Старик нахмурился в ответ:
– Что?
Шотландец протянул ему монету и повторил:
– Будьте так любезны задать нашим лошадям лишнюю порцию овса.
Горожанин скривился в гримасе отвращения:
– На каком языке ты говоришь? На английском?
Судя по виду Локлана, он оскорбился до глубины души.
До Кэт наконец дошло, что местный житель не мог понять говорящего на нормандском наречии шотландца из-за его сильного акцента.
Она встала между собеседниками, чтобы охладить их пыл, и обратилась к горожанину:
– Добрый господин, нам надо поставить наших лошадей в конюшню на ночь. Этот человек попросил вас задать им дополнительную порцию овса.
– Так почему же он так прямо это не сказал?

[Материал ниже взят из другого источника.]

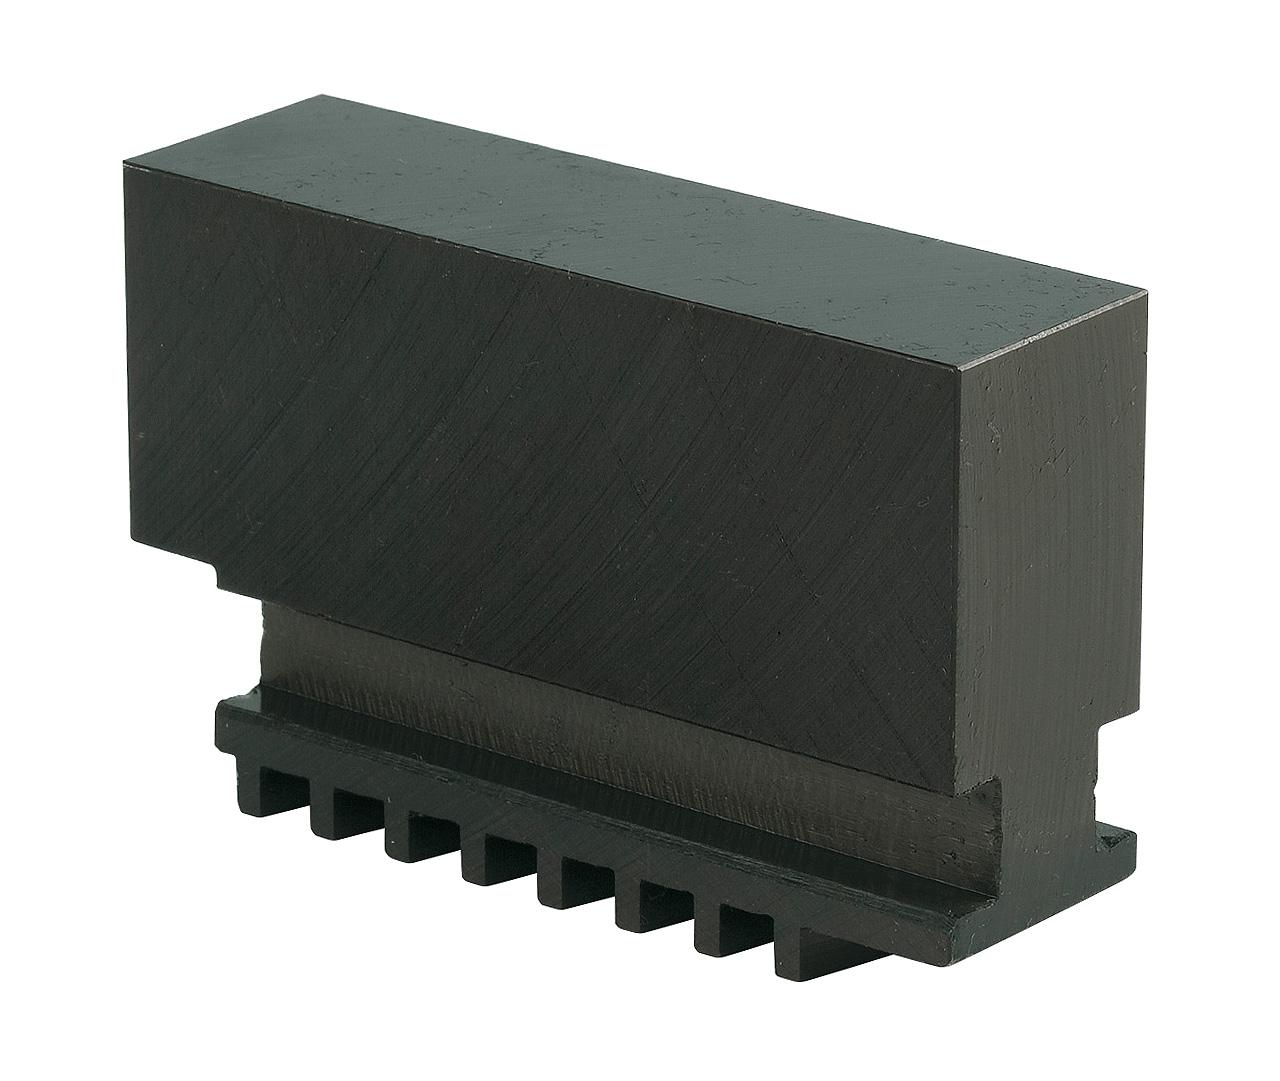 Szczęki jednolite miękkie - komplet SJ-PS3-630 BERNARDO

Старик взял деньги и увел лошадей, а Локлан еще сильнее рассердился:
– Именно это я и сказал!
Катарина едва сдержалась, чтобы не рассмеяться над его гневом. Она знала, что горец этого не поймет, поэтому лишь произнесла:
– Да, но твоя речь звучит с довольно сильным акцентом, и я уверена, что этому человеку нечасто приходится его слышать.

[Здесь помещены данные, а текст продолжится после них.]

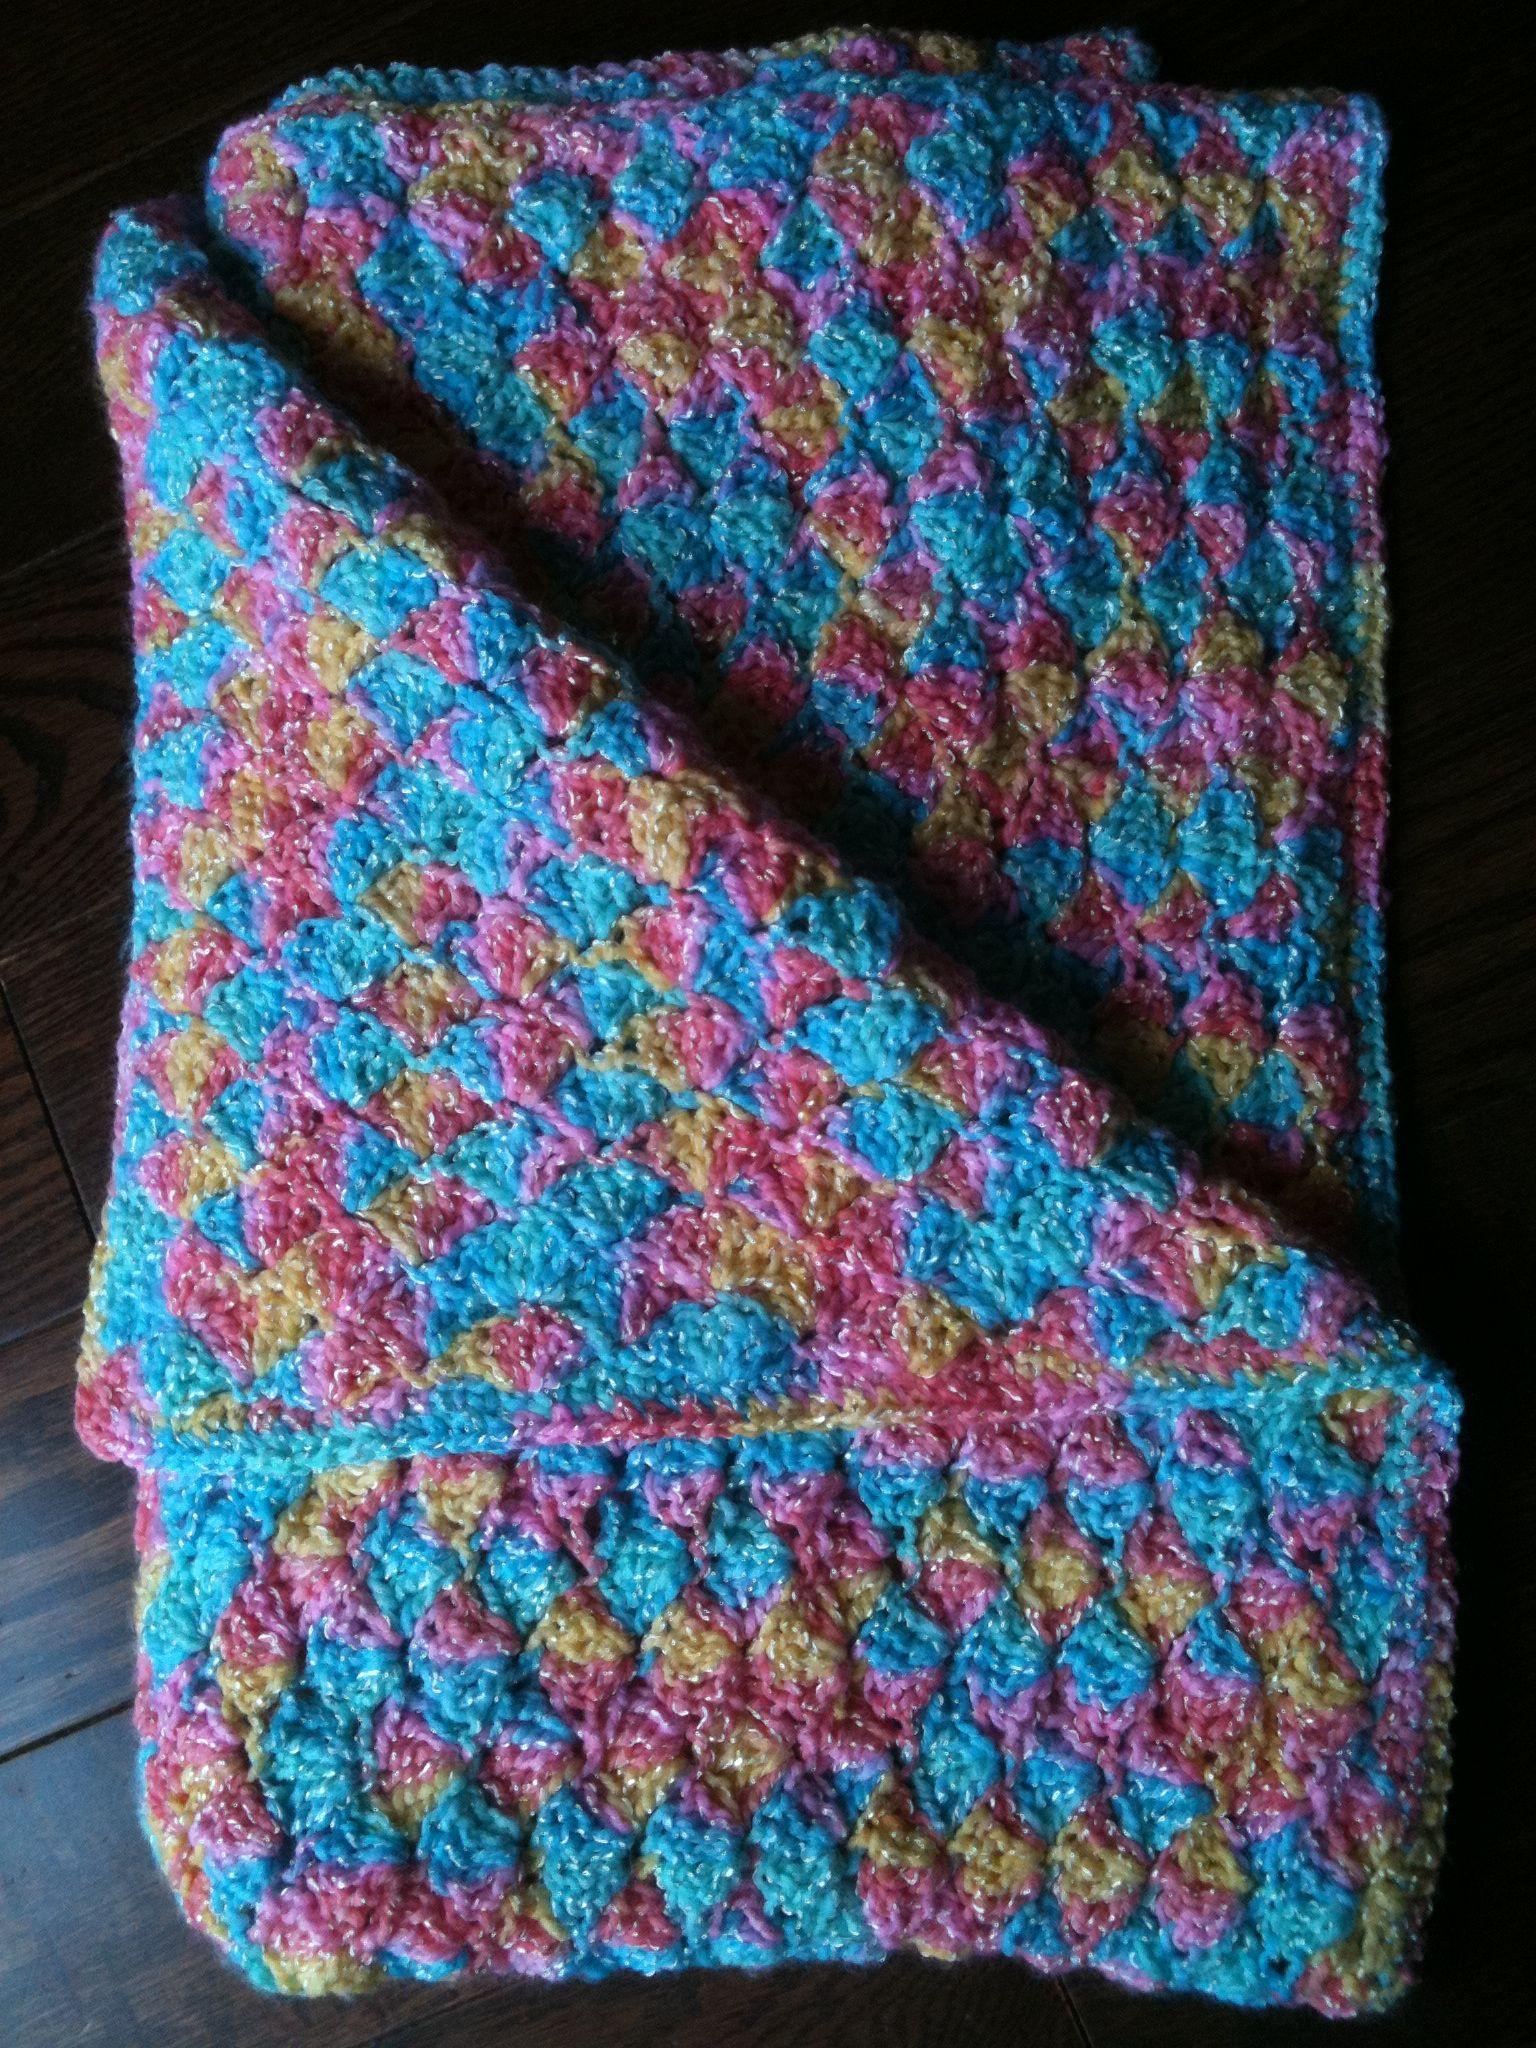 How To Crochet The Rainbow Sherbet Baby Blanket – Cute12

Горожанин вернулся к ним и, прочистив горло, обратился к Кэт:
– Кстати, миледи, возможно, вы захотите объявить нашим людям, что ваш спутник немой и станете сама говорить за вас двоих. Мы здесь не любим чужаков, особенно англичан.

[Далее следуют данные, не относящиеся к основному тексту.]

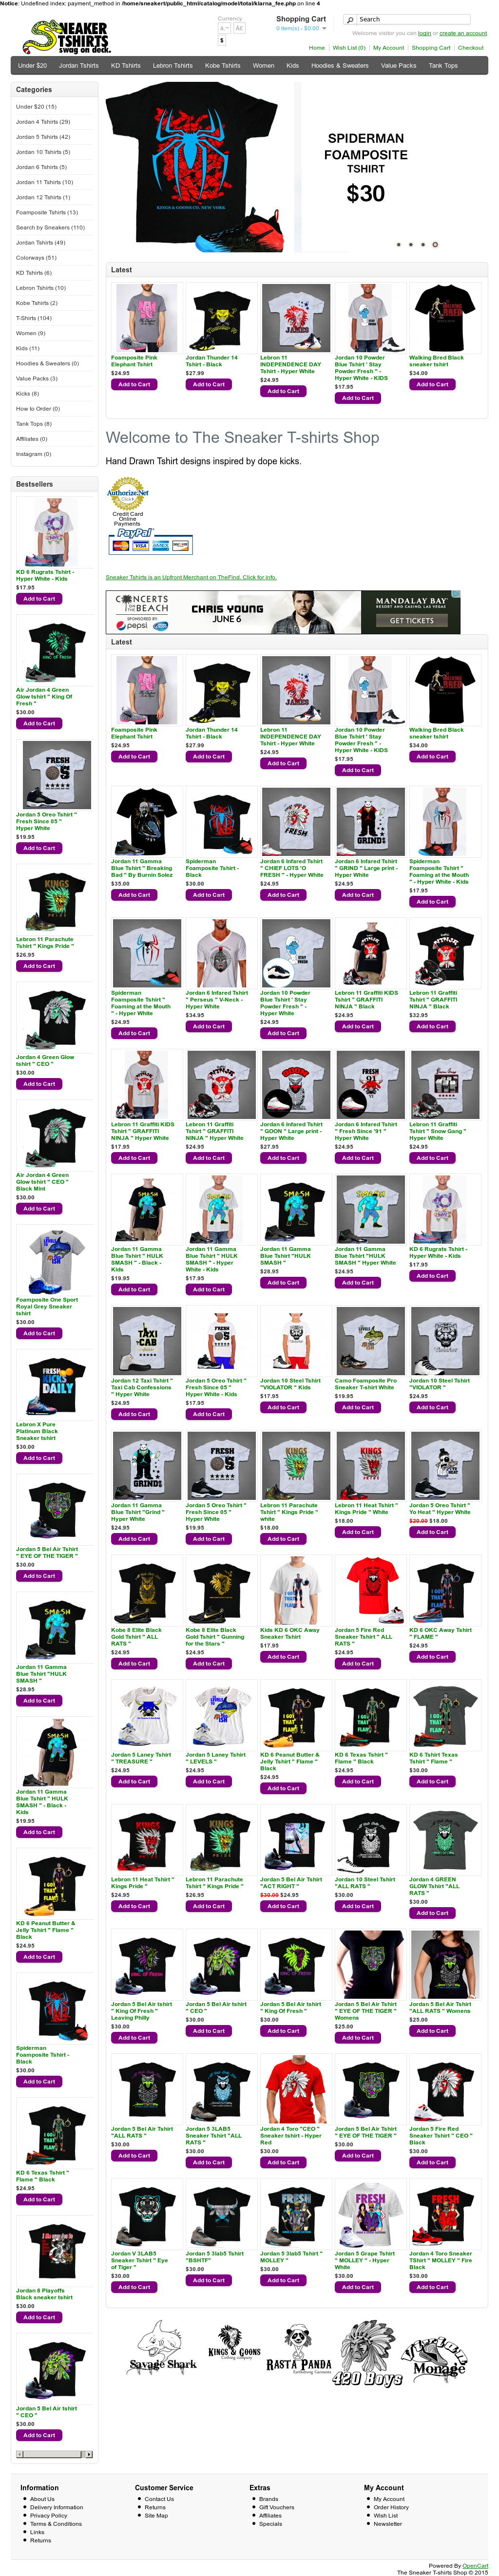 6e1b6a7453a7 The Sneaker T-shirts Shop Competitors

Ноздри Мак-Аллистера раздулись.
– Я не англичанин! – процедил он сквозь стиснутые зубы.
Катарина напустила на себя притворную серьезность:
– В его мире нет разницы между тобой и англичанами.
– Разница есть, и огромная!
– Я это знаю, но для французского крестьянина ты просто еще один иноземец, неважно англичанин ты или шотландец.
На челюсти лэрда заходили желваки.
Кэт похлопала его по руке:
– Пойдемте, милорд, и я позабочусь о том, чтобы подыскать место, где мы могли бы отдохнуть и перекусить.
– Ты наслаждаешься ситуацией, не так ли?
– Больше, чем ты можешь себе представить.
Локлан проводил ее взглядом, когда она проворно обогнала его, исполненная самодовольного торжества. По правде говоря, у него и раньше бывали подобные проблемы: люди не понимали его французский, хотя он свободно на нем изъяснялся. Шотландца бесило, что сейчас он вынужден зависеть от женщины, которая едва может его терпеть.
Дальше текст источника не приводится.